Come poteva Liz essere malata così gravemente? Come poteva averglielo nascosto fino a quel momento?

Non riusciva a spiegarsi nulla, il caos affollava i suoi pensieri e gli riempiva il cuore di dolore.

Le nuvole grigie coprivano il cielo azzurro e promettevano pioggia. Il vento freddo che sferzava le sue guance sembrava essere uscito dalla sua anima, l’oscurità che si era abbattuta sul suo viso sarebbe stata evidente a chiunque lo conoscesse. Louis probabilmente avrebbe potuto trasmettergli un po’ del suo coraggio. Avrebbe desiderato terribilmente un suo abbraccio. Mentre continuava la sua corsa disperata, Harry pensò a quanto la vita possa essere crudele, a quanto ogni giorno sia prezioso per ognuno di noi. Nessuno sa in che momento se ne andrà da questo mondo, né come, quindi tutto ciò che resta da fare è vivere. Vivere con la “V” maiuscola, senza farsi fermare da niente e nessuno, vivendo ogni proprio sogno e cercando di rendere ogni nuova alba migliore del tramonto precedente.
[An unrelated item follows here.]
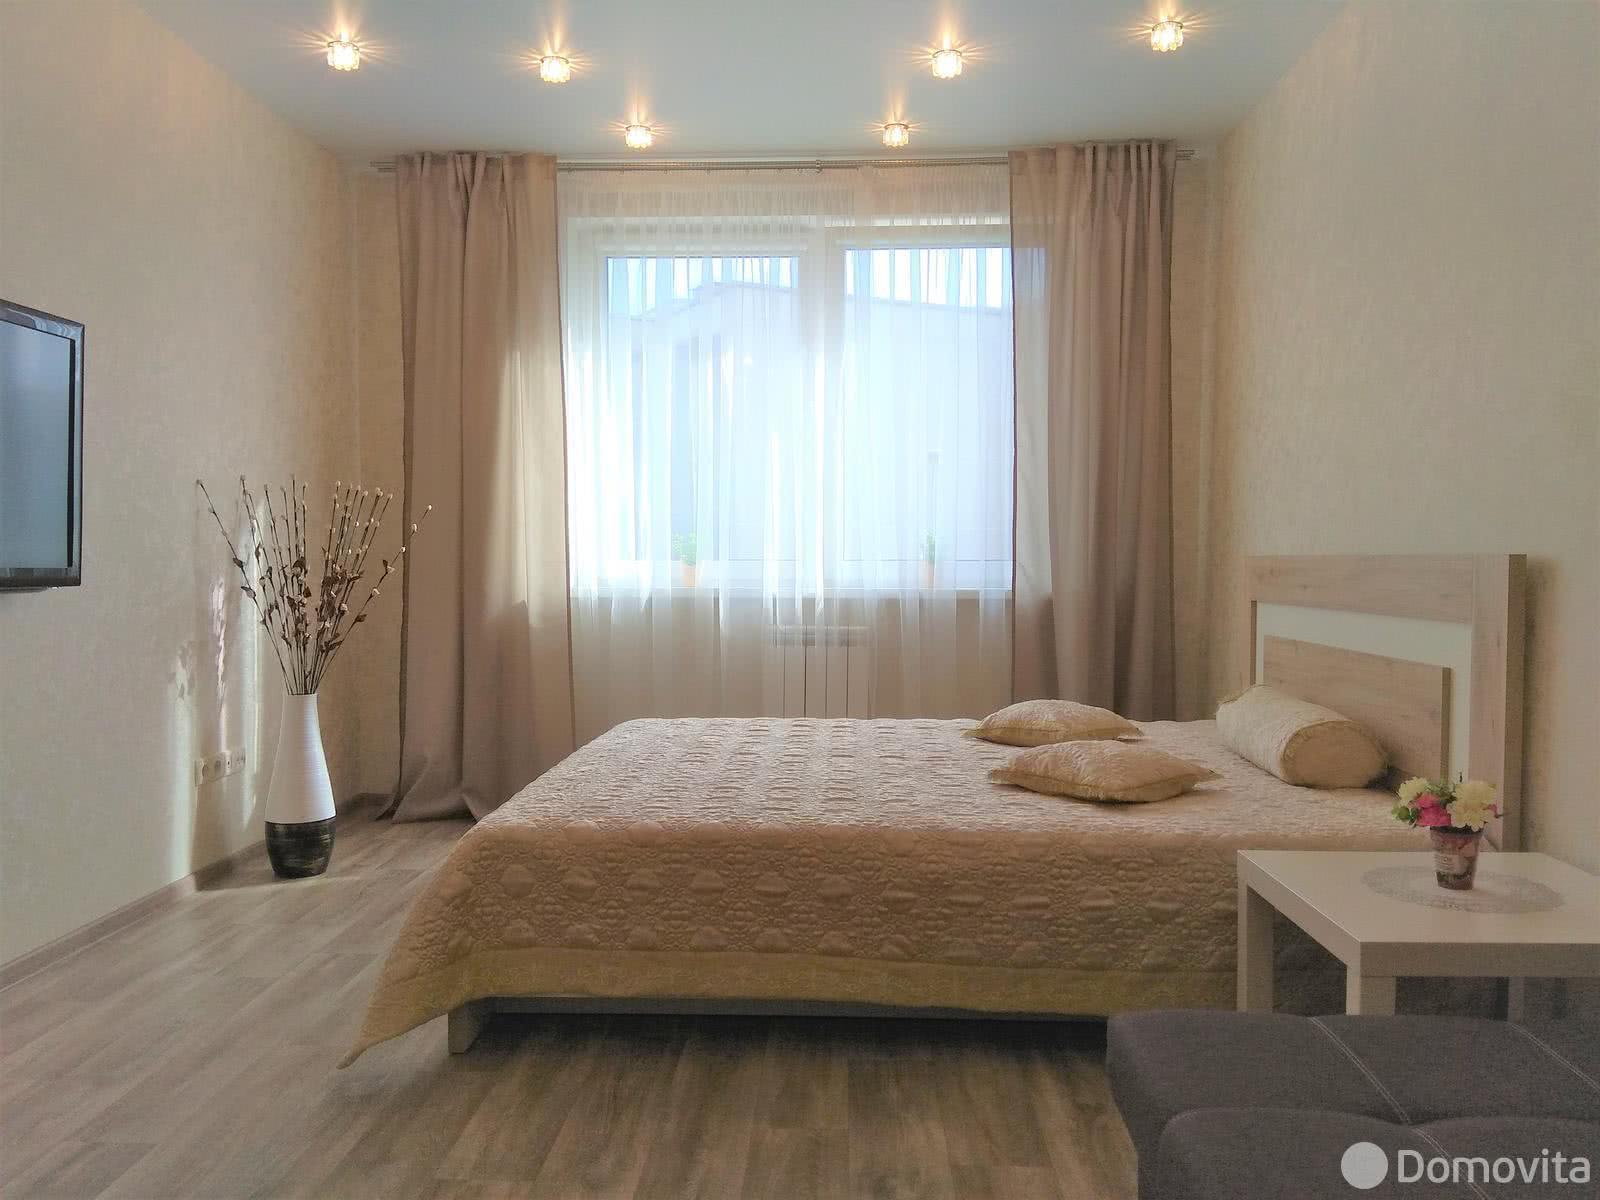 Аренда 1-комнатной квартиры на сутки в Минске ул. Притыцкого, д. 77 - фото 2
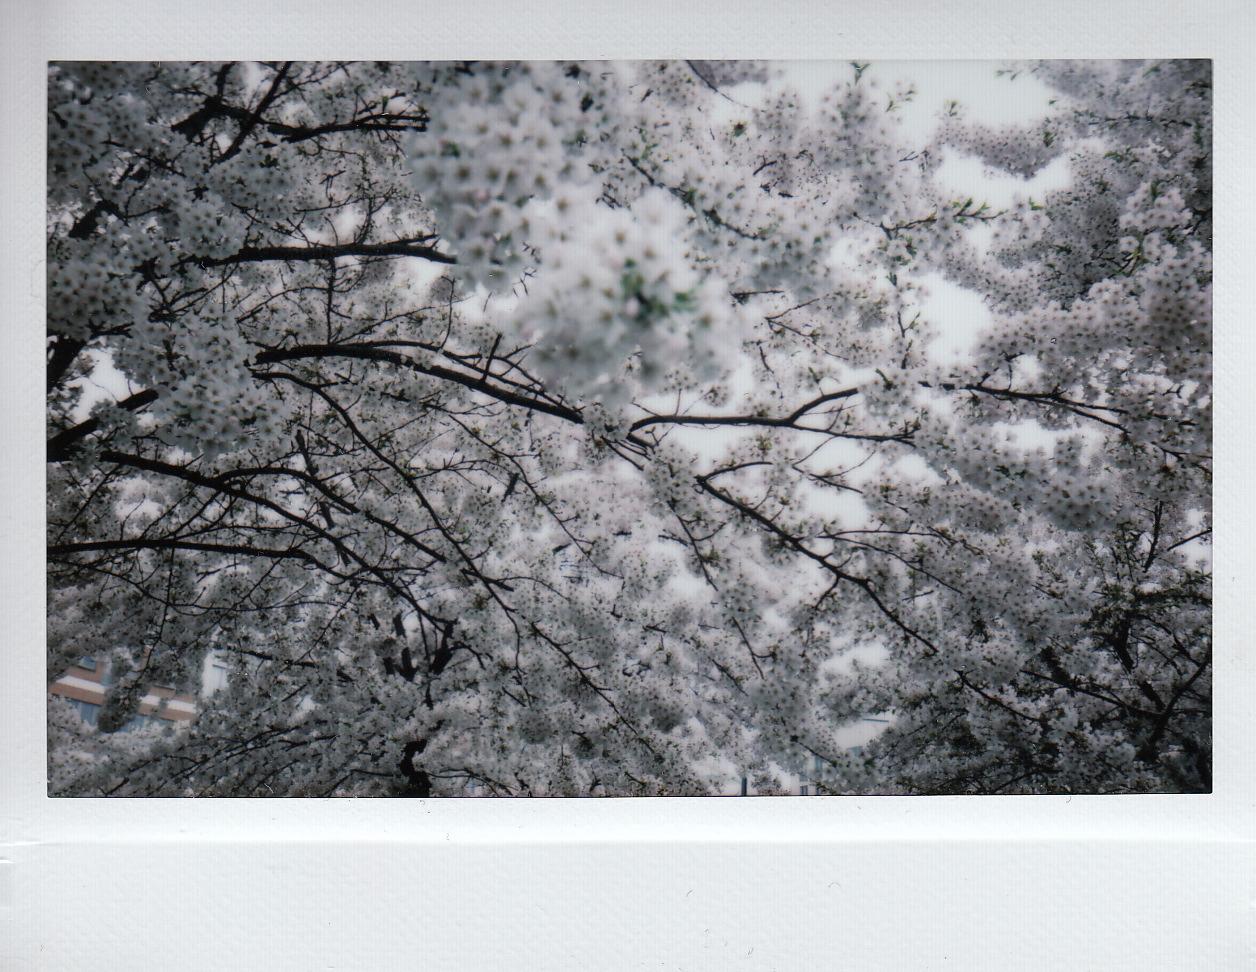 Vår och körsbärsblom.

Harry correva ancora, cercando di trovare le parole giuste. Voleva capire. Doveva capire.

Arrivò davanti all’abitazione dell’amica e si bloccò. Il fiato corto, la vista annebbiata dallo sforzo esagerato, aveva corso per otto chilometri in una manciata di minuti. Le gambe tremavano, per l’impegno e per la paura. Cosa le avrebbe detto? Non ne aveva idea, ma era il momento di agire.

Suonò il campanello.

Fu proprio Liz ad aprirgli la porta.

La pima cosa che Harry notò fu anche la più banale. Era struccata. “Certo!” pensò lui. Ecco perché era sempre perfetta ultimamente, piena di ombretti, rossetti e robe varie. Voleva nascondere il pallore e il malessere che trasparivano dalla sua pelle.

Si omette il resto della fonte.